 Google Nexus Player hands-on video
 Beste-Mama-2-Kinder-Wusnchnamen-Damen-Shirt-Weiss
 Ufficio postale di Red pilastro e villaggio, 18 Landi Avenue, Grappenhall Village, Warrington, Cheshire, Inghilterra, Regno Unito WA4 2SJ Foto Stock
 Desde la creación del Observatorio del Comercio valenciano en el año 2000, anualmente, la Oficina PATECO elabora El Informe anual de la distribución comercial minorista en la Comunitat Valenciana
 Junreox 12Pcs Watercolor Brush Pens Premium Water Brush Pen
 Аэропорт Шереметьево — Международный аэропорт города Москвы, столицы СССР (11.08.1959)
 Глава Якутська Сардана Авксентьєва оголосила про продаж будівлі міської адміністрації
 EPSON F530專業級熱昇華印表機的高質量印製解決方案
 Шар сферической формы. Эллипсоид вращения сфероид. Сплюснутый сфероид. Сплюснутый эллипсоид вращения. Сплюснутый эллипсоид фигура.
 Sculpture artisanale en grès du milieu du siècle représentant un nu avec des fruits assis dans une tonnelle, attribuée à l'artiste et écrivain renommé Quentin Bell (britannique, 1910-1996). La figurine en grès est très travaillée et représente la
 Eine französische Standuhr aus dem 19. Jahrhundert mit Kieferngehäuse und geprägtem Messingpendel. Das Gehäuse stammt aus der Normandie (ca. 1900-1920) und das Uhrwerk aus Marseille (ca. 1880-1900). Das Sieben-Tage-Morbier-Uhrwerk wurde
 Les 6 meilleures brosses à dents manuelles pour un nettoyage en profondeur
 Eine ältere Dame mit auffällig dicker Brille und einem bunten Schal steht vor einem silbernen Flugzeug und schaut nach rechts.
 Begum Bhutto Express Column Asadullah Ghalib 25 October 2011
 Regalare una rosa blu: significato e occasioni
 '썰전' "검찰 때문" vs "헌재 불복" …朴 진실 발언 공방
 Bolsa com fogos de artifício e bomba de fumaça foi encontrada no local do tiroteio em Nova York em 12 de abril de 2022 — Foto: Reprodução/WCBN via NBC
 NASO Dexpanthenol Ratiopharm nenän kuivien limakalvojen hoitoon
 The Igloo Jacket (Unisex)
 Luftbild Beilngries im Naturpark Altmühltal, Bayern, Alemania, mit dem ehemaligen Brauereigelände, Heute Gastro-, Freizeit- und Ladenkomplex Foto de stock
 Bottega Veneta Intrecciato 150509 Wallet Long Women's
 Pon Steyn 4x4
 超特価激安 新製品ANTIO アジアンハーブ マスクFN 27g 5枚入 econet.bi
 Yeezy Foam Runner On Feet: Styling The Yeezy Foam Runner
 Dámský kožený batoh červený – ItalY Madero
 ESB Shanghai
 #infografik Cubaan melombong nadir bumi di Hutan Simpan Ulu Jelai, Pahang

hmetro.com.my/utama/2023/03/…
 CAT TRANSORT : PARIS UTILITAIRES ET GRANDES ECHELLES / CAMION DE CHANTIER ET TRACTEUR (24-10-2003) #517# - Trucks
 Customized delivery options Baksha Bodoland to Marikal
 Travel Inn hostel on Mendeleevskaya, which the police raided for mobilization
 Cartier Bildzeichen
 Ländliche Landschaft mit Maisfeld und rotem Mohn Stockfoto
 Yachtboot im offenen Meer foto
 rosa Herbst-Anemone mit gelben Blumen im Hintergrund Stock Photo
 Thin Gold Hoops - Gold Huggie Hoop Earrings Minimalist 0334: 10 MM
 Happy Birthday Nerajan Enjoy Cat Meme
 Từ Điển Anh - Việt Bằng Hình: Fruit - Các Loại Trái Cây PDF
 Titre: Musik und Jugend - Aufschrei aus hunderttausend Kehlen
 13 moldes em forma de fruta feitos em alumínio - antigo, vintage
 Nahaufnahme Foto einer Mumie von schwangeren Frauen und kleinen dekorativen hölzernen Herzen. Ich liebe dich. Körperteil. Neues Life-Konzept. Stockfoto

◆ ◆ ◆ ◆ ◆ ◆ ◆

## Task to complete:
Where does the string "rosa" appear in the records above? Return every line that holds it.

## Finished task:
 Regalare una rosa blu: significato e occasioni
 rosa Herbst-Anemone mit gelben Blumen im Hintergrund Stock Photo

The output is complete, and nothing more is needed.